The lines to return run from the one containing "Phantom Elite Goalkeeper Gloves." through the end of the material; give them exactly and leave out the pictures.

Data block:
*-*-*

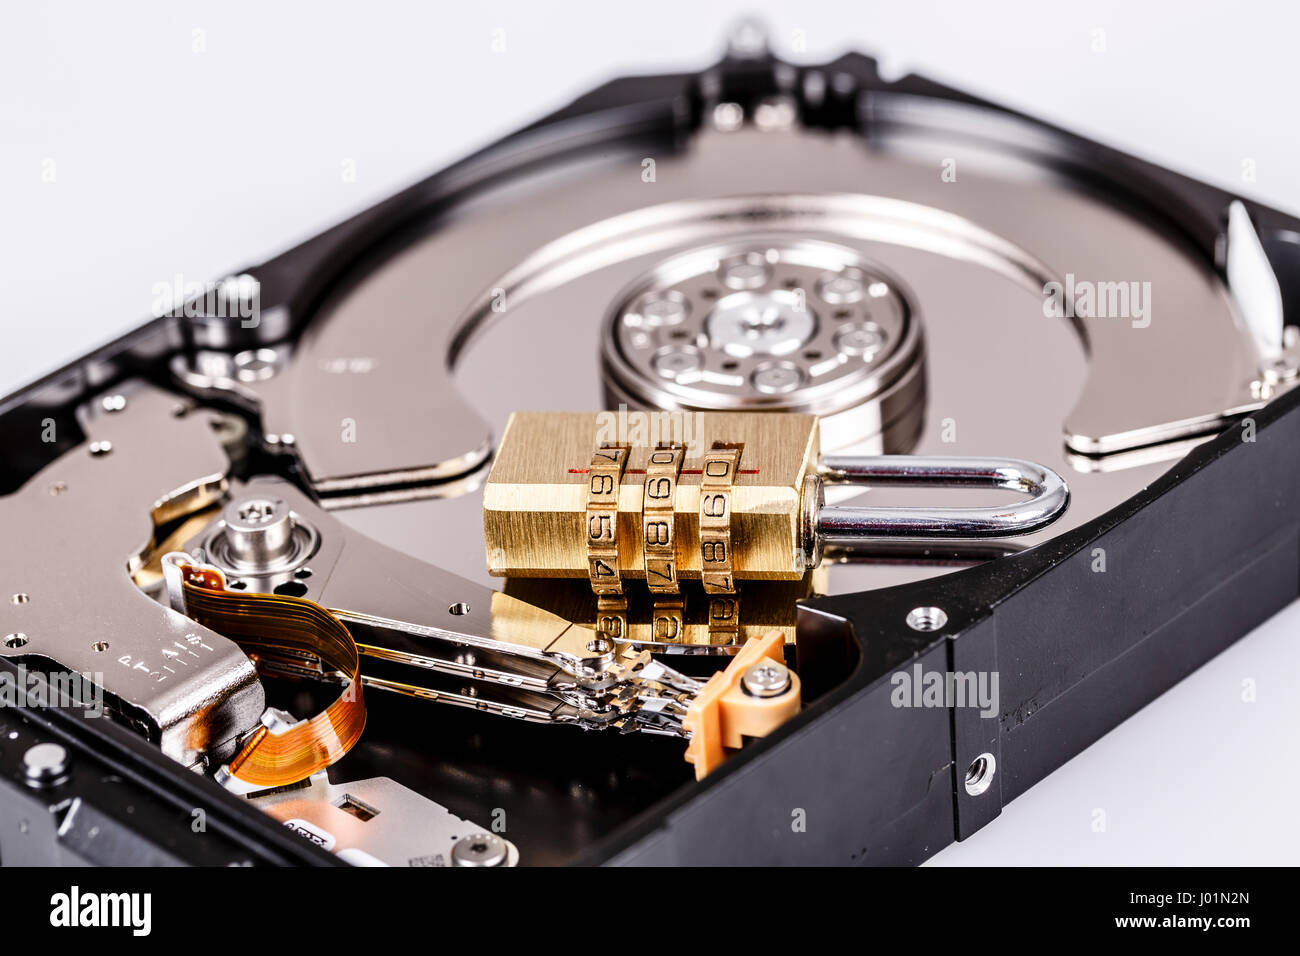 Bloqueo de disco duro o disco duro, parte del equipo, el concepto de seguridad cibernética, privacidad de los datos Fotografía de stock - Alamy
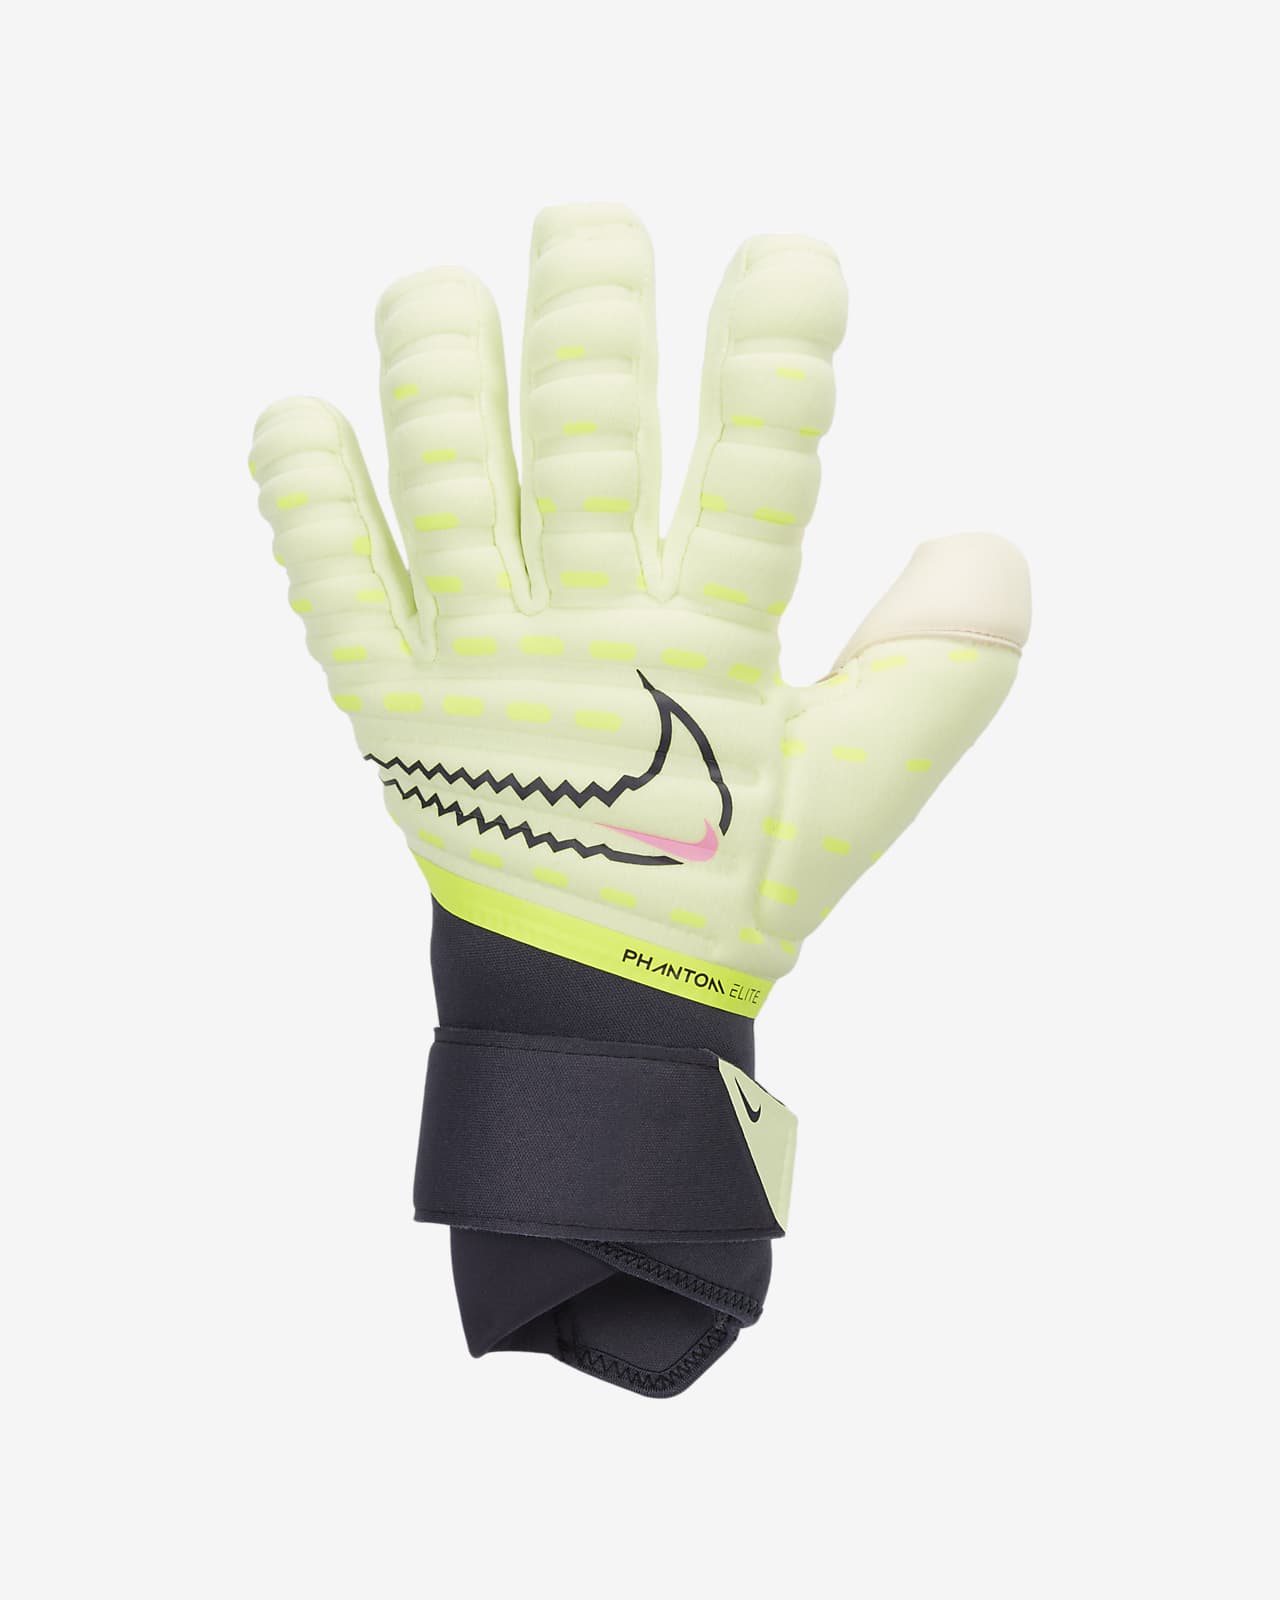 Phantom Elite Goalkeeper Gloves.
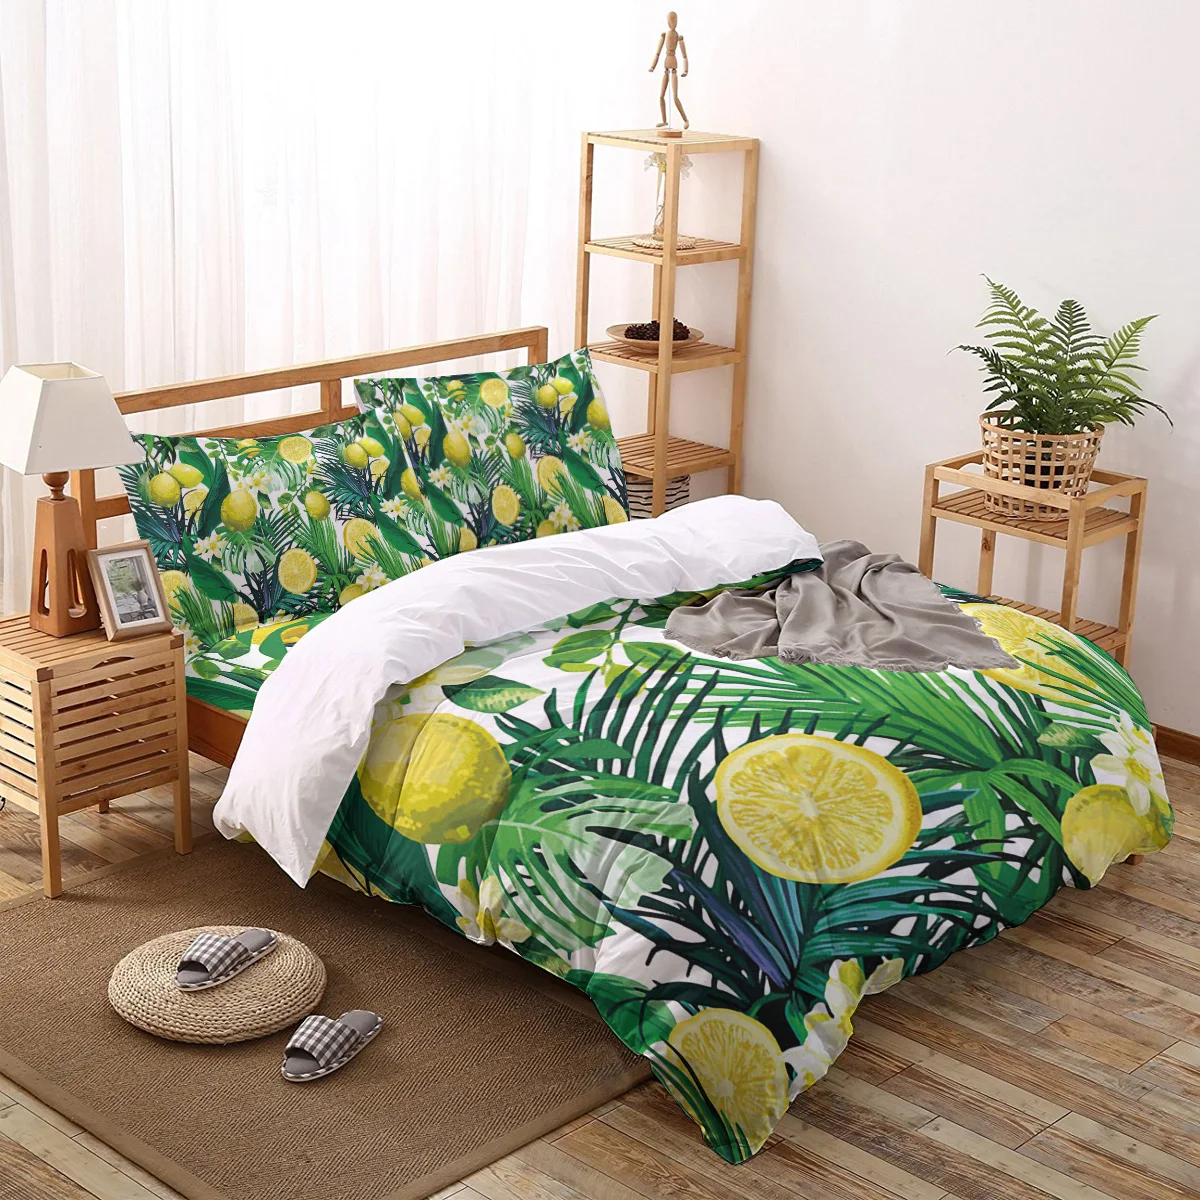 

2/3/4pcs Bedding Set Lemon Flowers Tropical Leaves Duvet Cover Creative Comforter Bed Cover Set Housse De Couette Bedclothes

*-*-*

Your solution:
 Phantom Elite Goalkeeper Gloves.

2/3/4pcs Bedding Set Lemon Flowers Tropical Leaves Duvet Cover Creative Comforter Bed Cover Set Housse De Couette Bedclothes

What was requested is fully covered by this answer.